Во дворе, под крышей прохладного в этот час немировского сарая, уже назревало нечто вроде кулачного боя. Двое полуобнявшихся или полувцепившихся – не поймешь – друг в дружку пожилых казаков тупо топтались вокруг здоровенной стойки. Один из них – Кирька Караулов, другой – бывший гвардеец, не уступавший ростом Кирьке, Феоктист Суржиков – дядя невесты. Кирька Караулов, взявшись всей пятерней за ворот сатинетовой рубахи Феоктиста Суржикова, рычал что-то нечленораздельное. А Феоктист, пытаясь вырваться из крепких Кирькиных рук, говорил ему почти со слезой, умоляюще:

– Освободи без греха мои руки, сват. Дай хоть раз я те наотмашь вякну. Уважь. Богом тебя, варнака, прошу, и сделай ты мне такую милость!

– Нет! Не могу я, сват, в этом тебе уважить…

– Ага. Не можешь?!

– Никак нет, сват. Отрицаю.

– Отрицаешь? А пошто?

– А по то, сват, не за што бы тебе в такой час личность мою соборовать.
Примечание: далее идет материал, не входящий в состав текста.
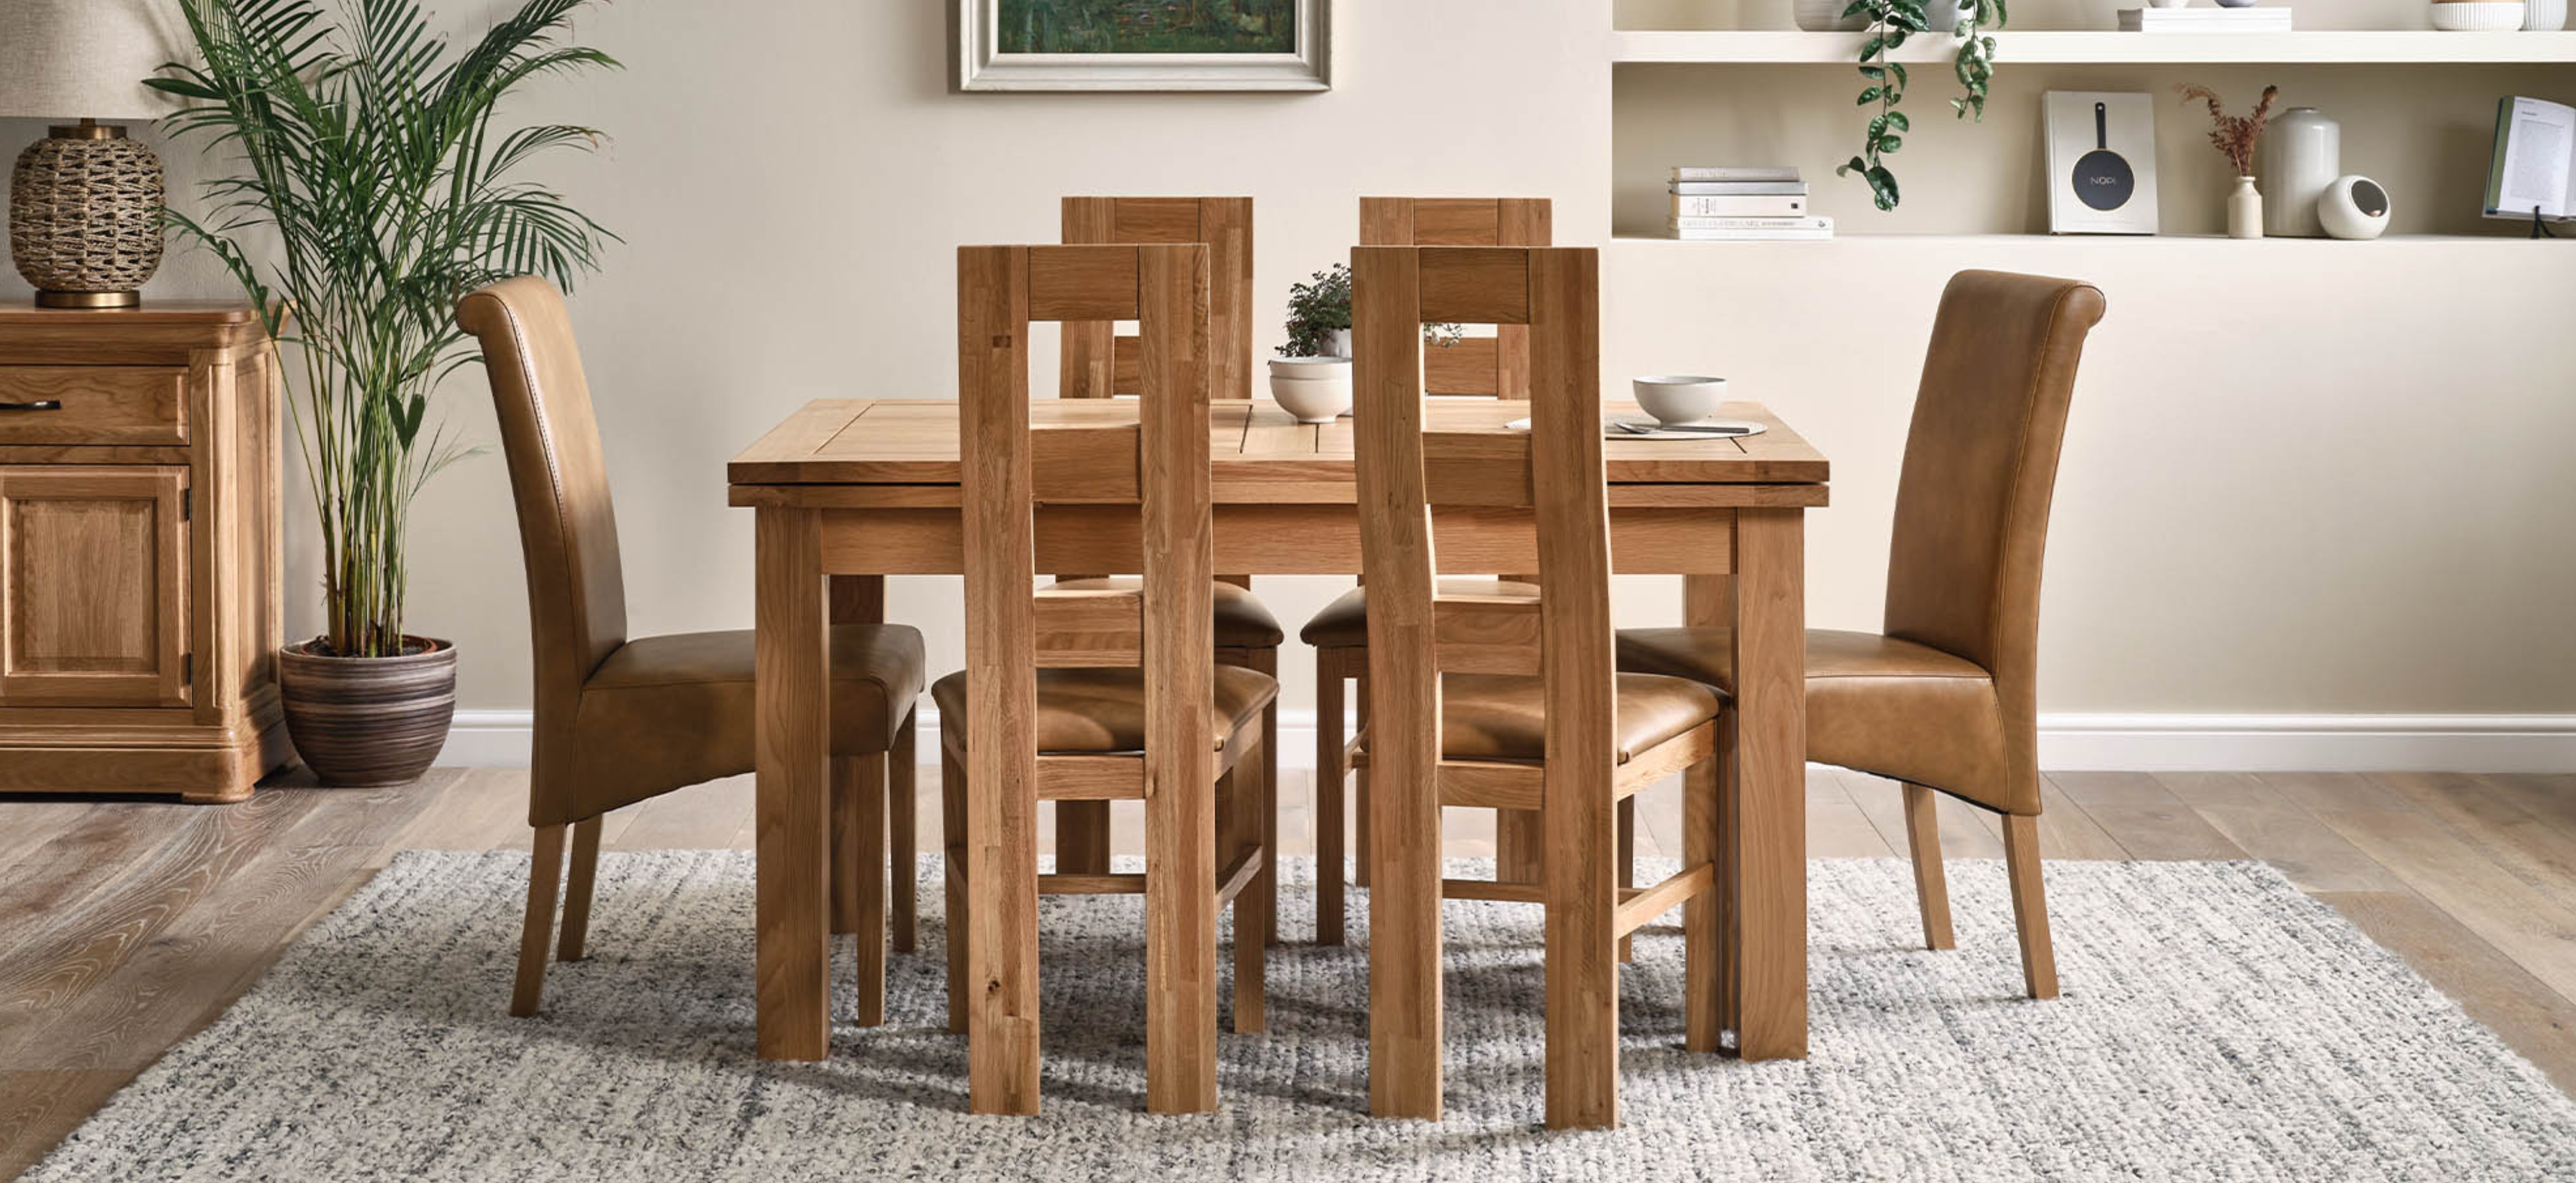 Oak furnitureland wave back chairs and oak dining table

– Хе! Ишо как усоборую. За один удар все грехи тебе оптом отпущу.

– Не кощунствуй, сват. Ты же не поп меня исповедовать!
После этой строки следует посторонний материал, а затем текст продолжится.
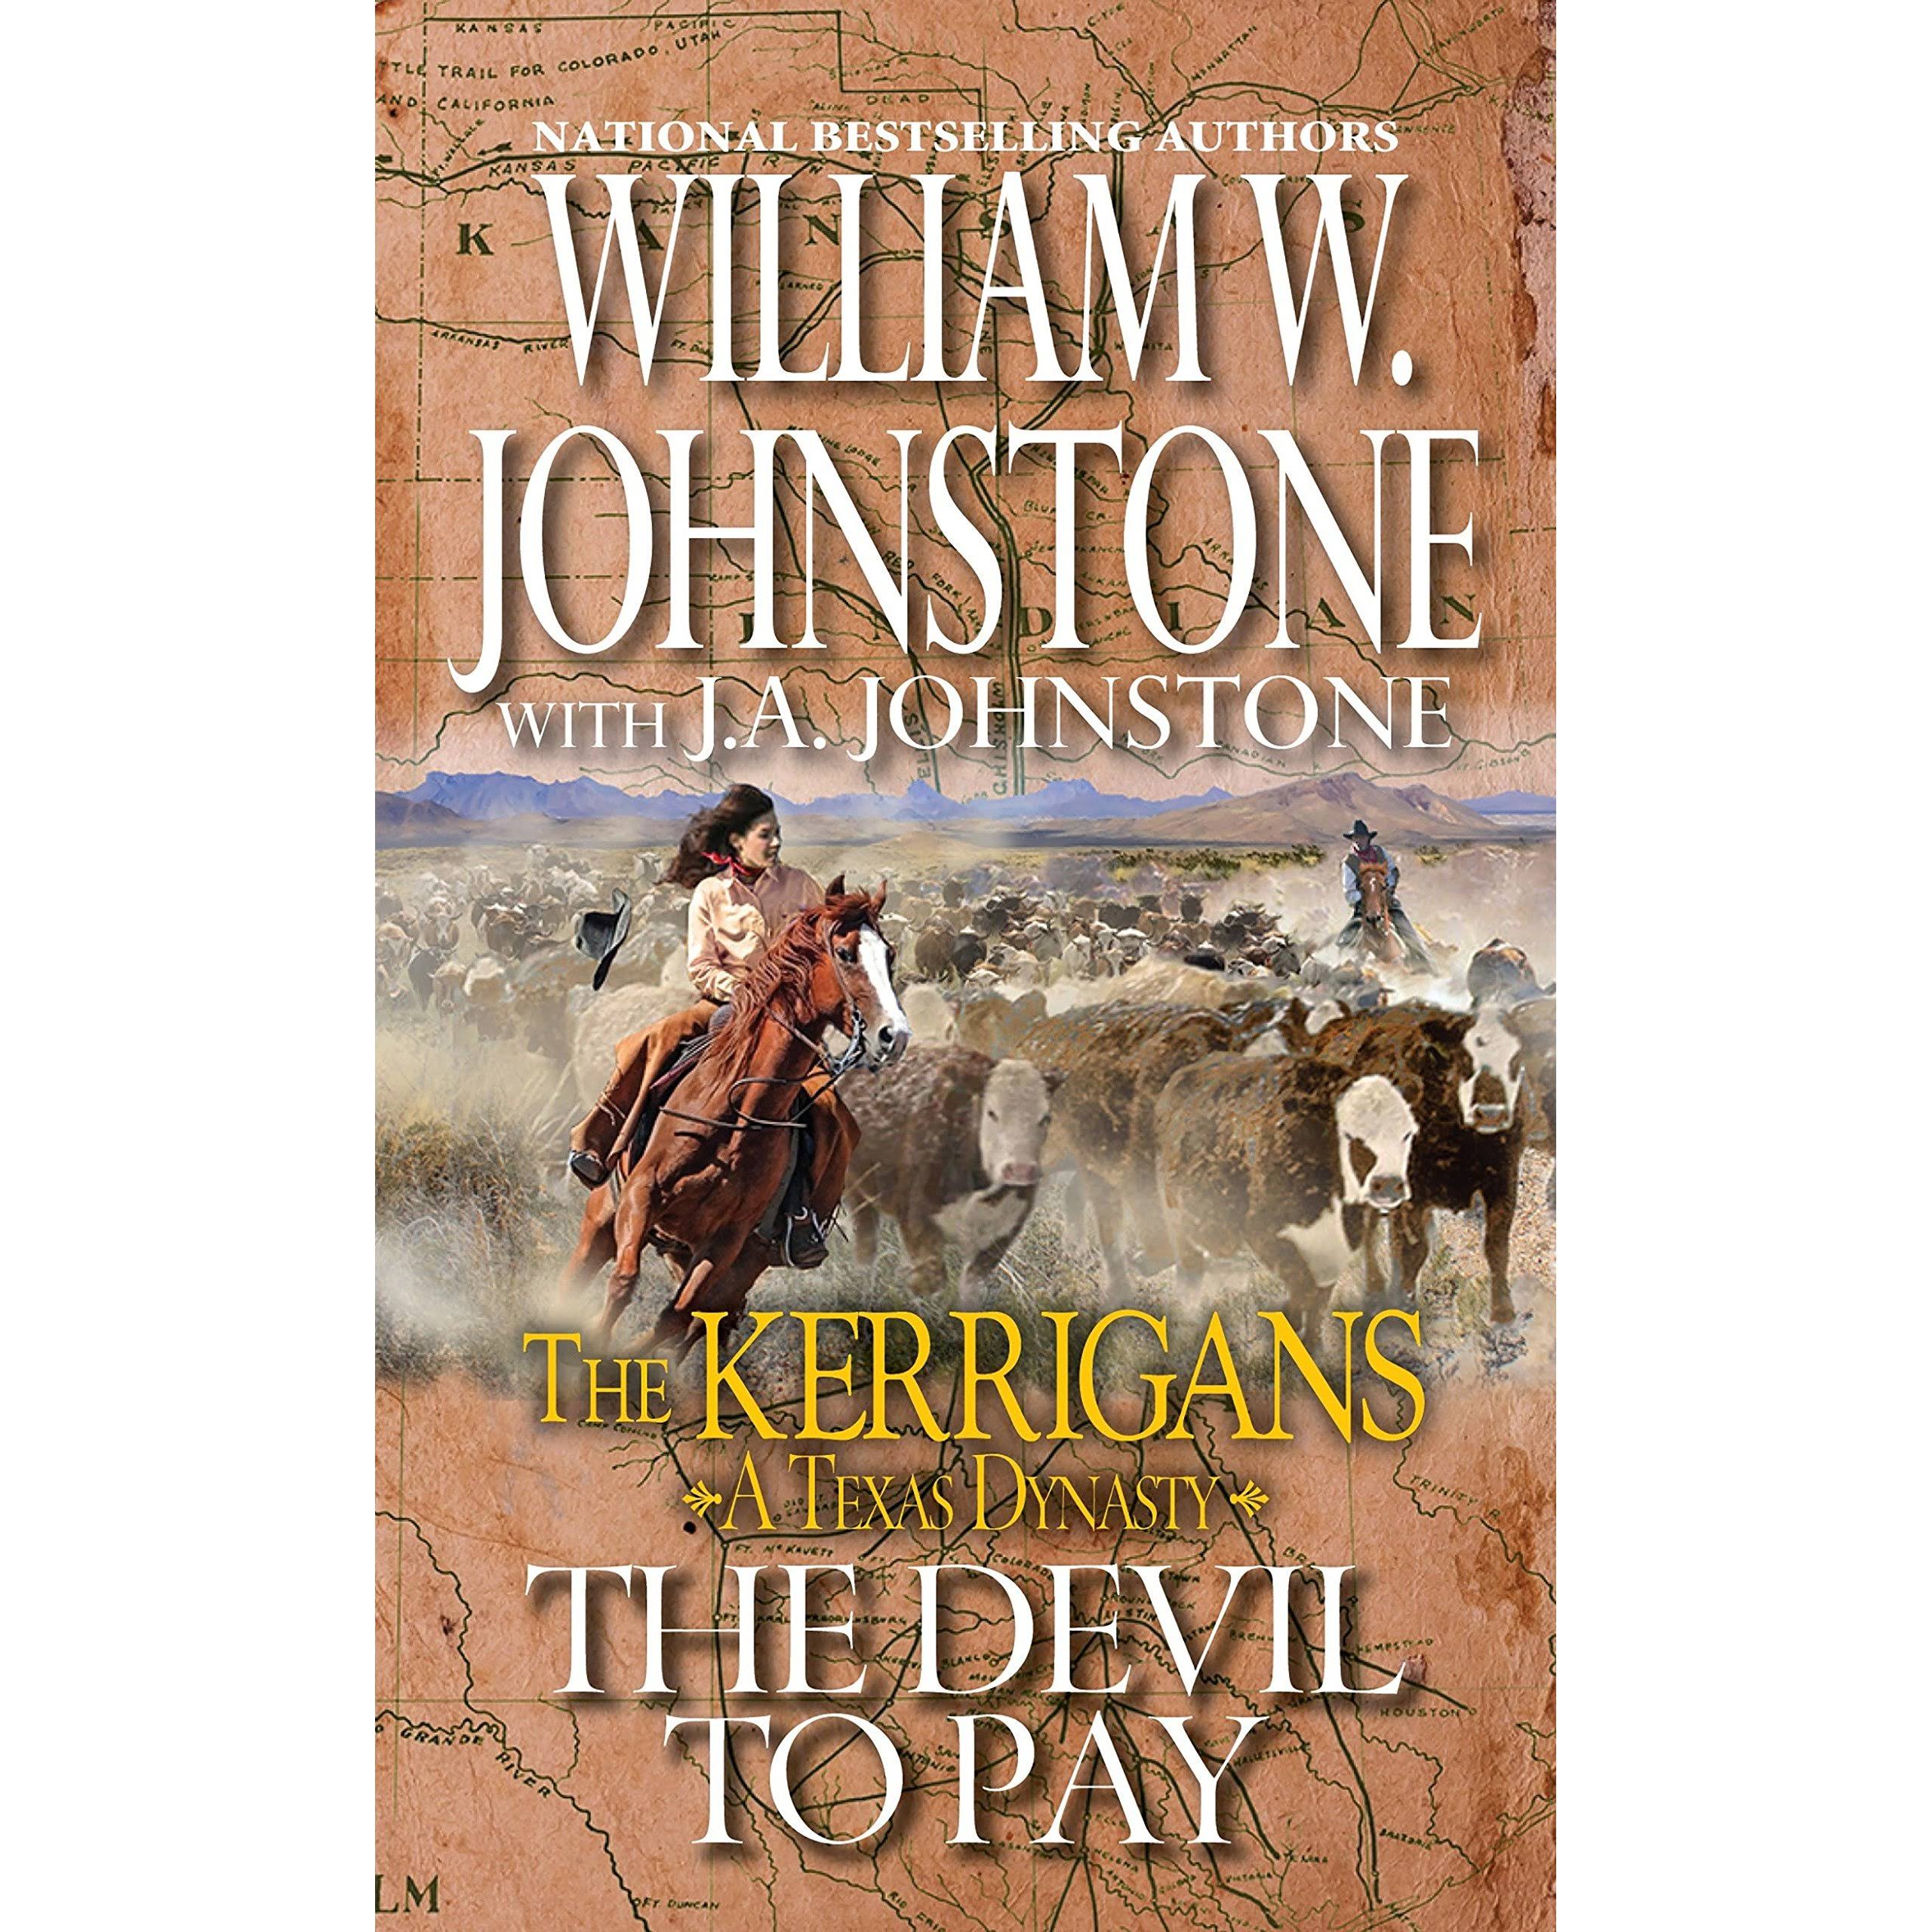 The Devil to Pay - William W. Johnstone with J.A. Johnstone

– Хоть не поп, а в звонарях состою – кайся.

– В чем же мне каяться, сват? Чем я перед тобой грешен?

– Ага. Стало быть, все скрозь отрицаешь?

– Отрицаю, сват.

– Так. А то, што я при одном ухе двадцать с гаком лет состою, это ты тоже отрицаешь?

– При одном ухе – это так точно, сват. Это факт налицо. Не спорую.

– Ага. Ну вот за этот факт я сейчас тебя и брякну.

– Што ты, опомнись, сват!

– А я не больше четверти выпил – в своей пока памяти. Богом прошу, давай, ради Христа, подеремся, пока я сознанья не потерял. А напьюсь – мне тебя тогда не осилить…

– Драться я всегда, сват, с полным моим удовольствием. Ты меня зиашь. Не в том дело. Ты мне скажи, за што ты меня губить на свадьбе собрался?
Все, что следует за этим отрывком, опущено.